I've been doing webscraping in Python and hit a problem which broke my script. I usually separate a certain column with str.split()
on -
, which gives me the columns I want and normally just populates everything I don't need with NA (which is fine).
Today I hit an edge case where a player with a hyphen popped up which made this not work.
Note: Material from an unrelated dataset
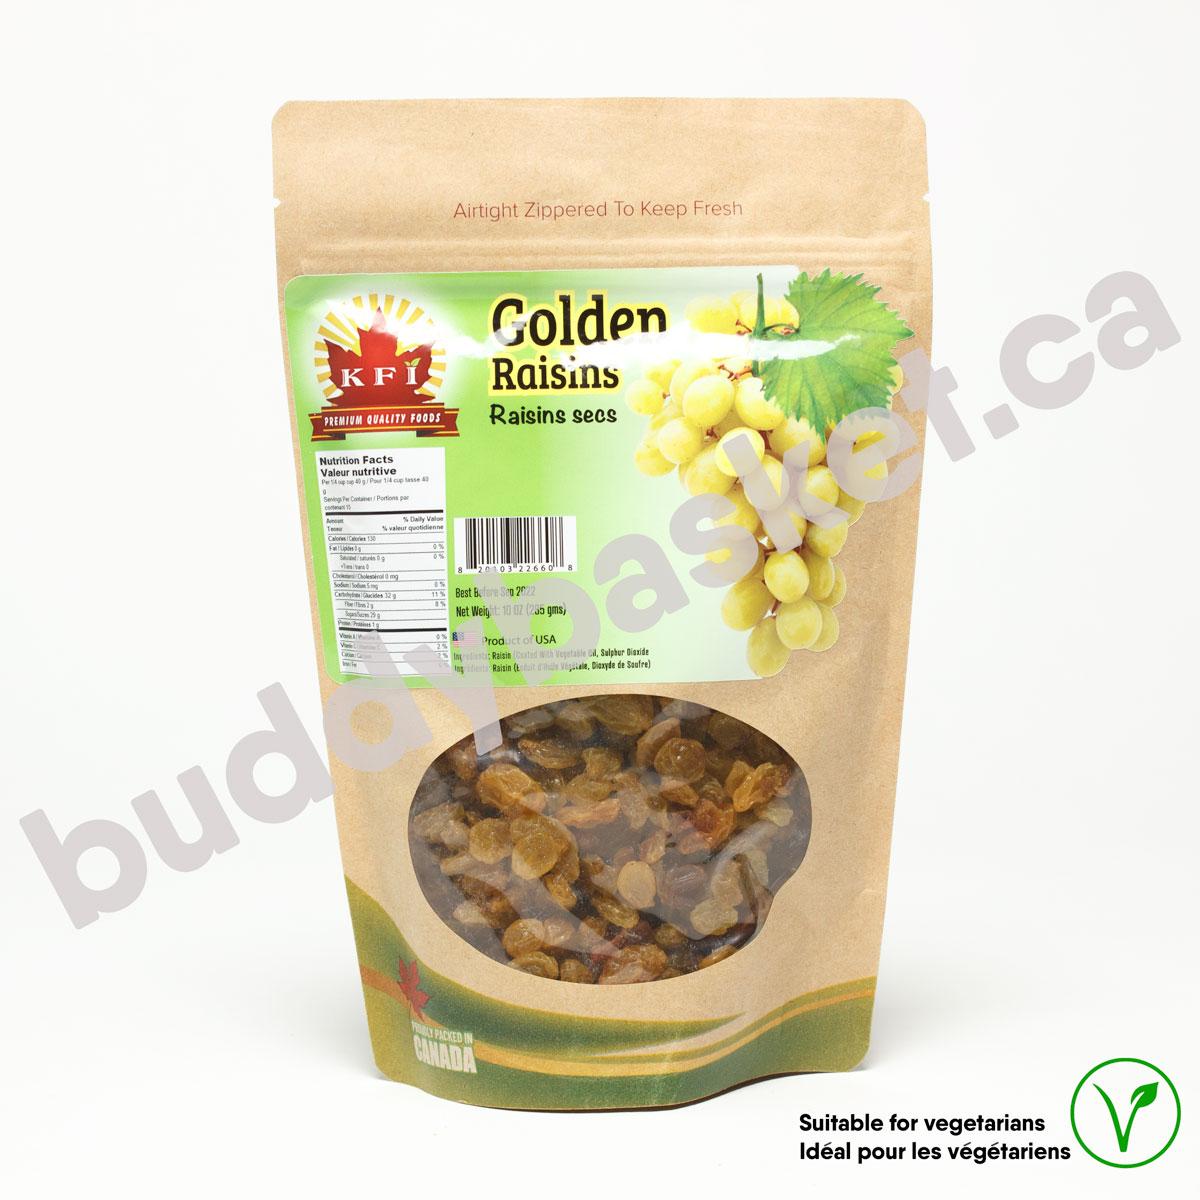 KFI Golden Raisins 285g

Below is a reproducible example, the data usually has 500 rows so this instance could occur multiple times.
import pandas as pd
df = pd.DataFrame({"score": ["Jump ball: Shai-Gilgeous Alexander vs Jeremiah Robinson-Earl", "0-0"]})
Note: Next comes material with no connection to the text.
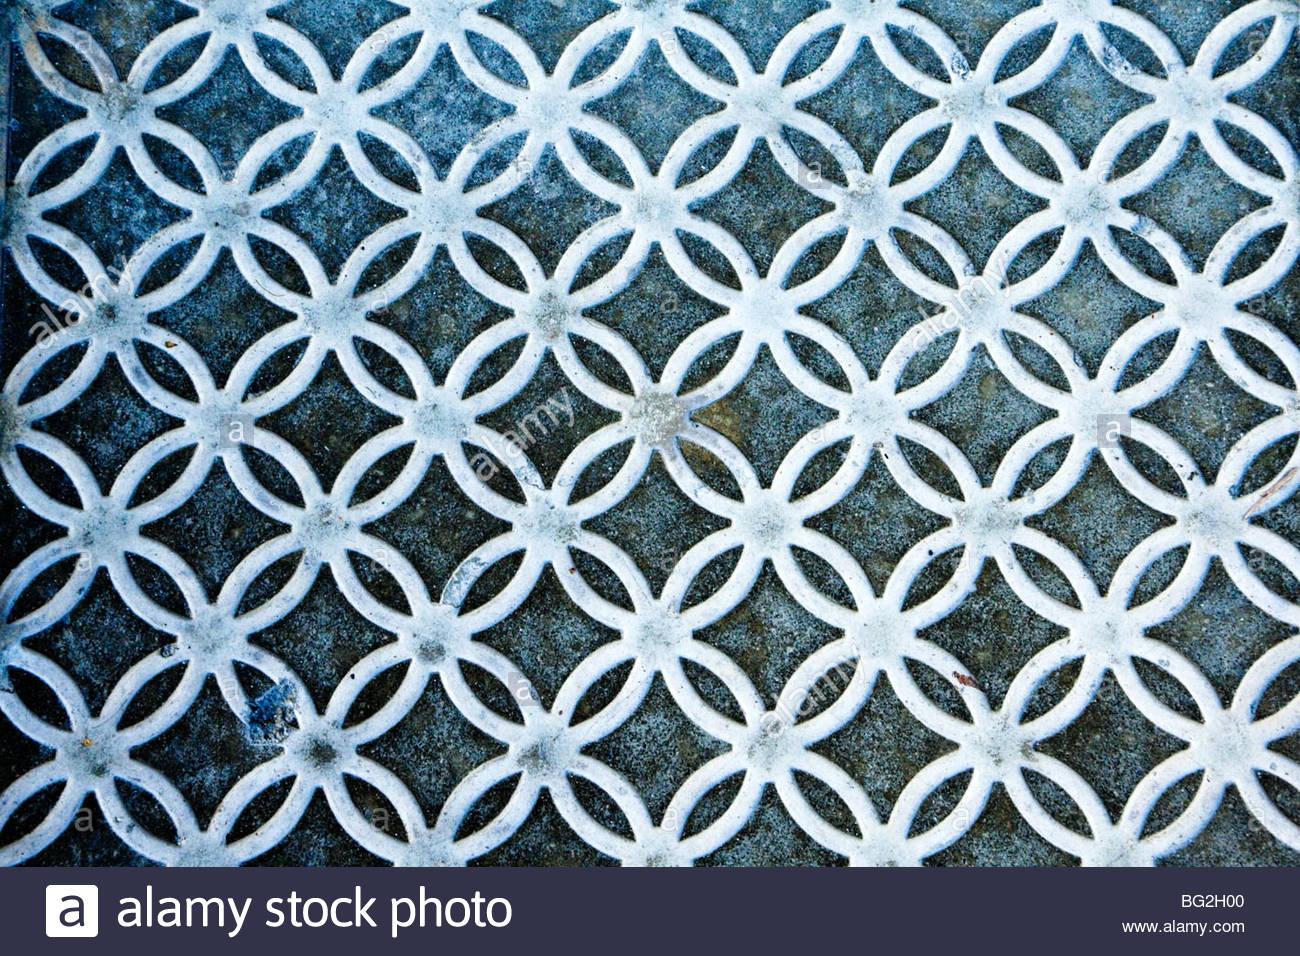 tile patterns stock photos tile patterns stock images alamy

# this doesnt work anymore because of 2 players with a hyphen popped up,
# which makes this return more than the 2 columns i want
df[["scoreAway", "scoreHome"]] = df["score"].str.split(
"-", expand=True
)
error: ValueError: Columns must be same length as key
The solution to me is I need to replace hyphens with spaces, but only on rows that have that score = str.contains("Jump ball:"). So Shai-Gilgeous Alexander
would become Shai Gilgeous Alexander
, and the 0-0 would remain unaffected. But I'm having a hard time finding resources on how to do that.
If anyone has a quick fix or suggestion I'd appreciate it!
CodePudding user response:
Try adding n=1
to the .str.split()
call:
df[["scoreAway", "scoreHome"]] = df["score"].str.split(
"-", expand=True, n=1
)
That will cause it to split on the first -
only.